If we equip a manifold with an inner product (i.e. we have a Riemannian Manifold) then we get a canonical volume form on that manifold (please mentally insert the prefix "pseudo" into my question whenever you feel it necessary).
Whenever we have a submanifold we can pull back the metric along the inclusion map to get an inner product on the submanifold. We then get a volume form on the submanifold.
I'm wondering if there are any converse results to this. I'm looking for some result of the form:
Suppose $\mathcal{M}$ is a manifold with a volume form assigned to every submanifold, such that these volume forms satisfy (some consistency condition). Then $\mathcal{M}$ is Riemannian, and the volume forms arise as above.

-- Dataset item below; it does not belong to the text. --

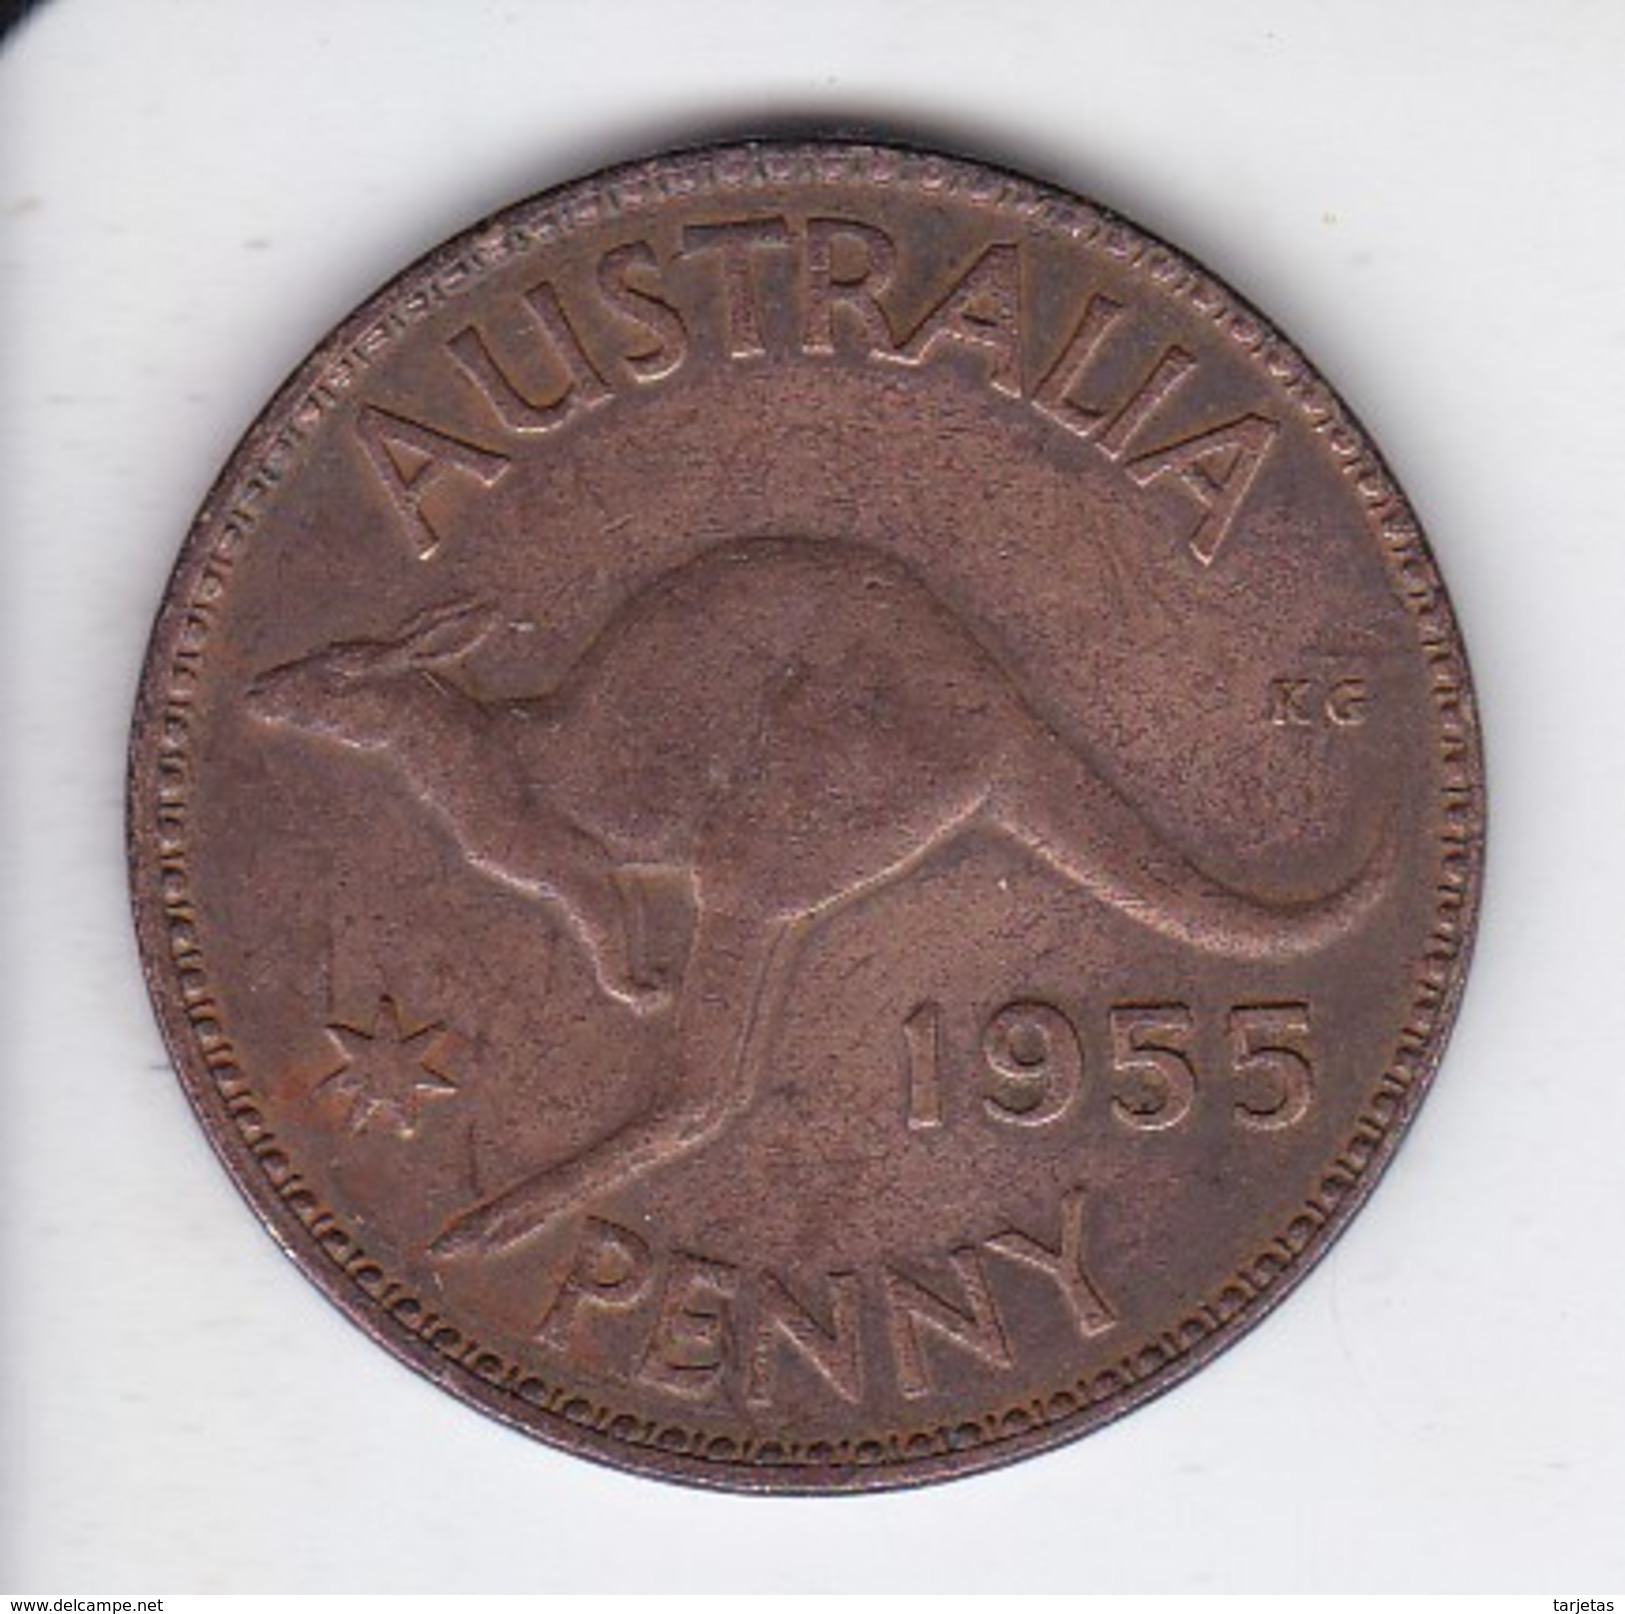 MONEDA DE AUSTRALIA DE 1 PENNY DEL AÑO 1955 CANGURO (KANGAROO) - Penny

My only progress so far is to notice that you can define some kind of "norm" on such an $\mathcal{M}$ by, for any vector $v$, picking a curve $\gamma:(-1,1)\rightarrow\mathcal{M}$ with $\gamma'(0)=v$, letting $\mu$ be the measure on the submanifold which is the image of this curve and then defining $$\lVert v \rVert=\lim_{\varepsilon\rightarrow0}\frac{\mu(\gamma((0,\varepsilon))}{\varepsilon}.$$ But I don't see what properties I need to put on the volume forms in order to get the triangle inequality or the parallelogram law.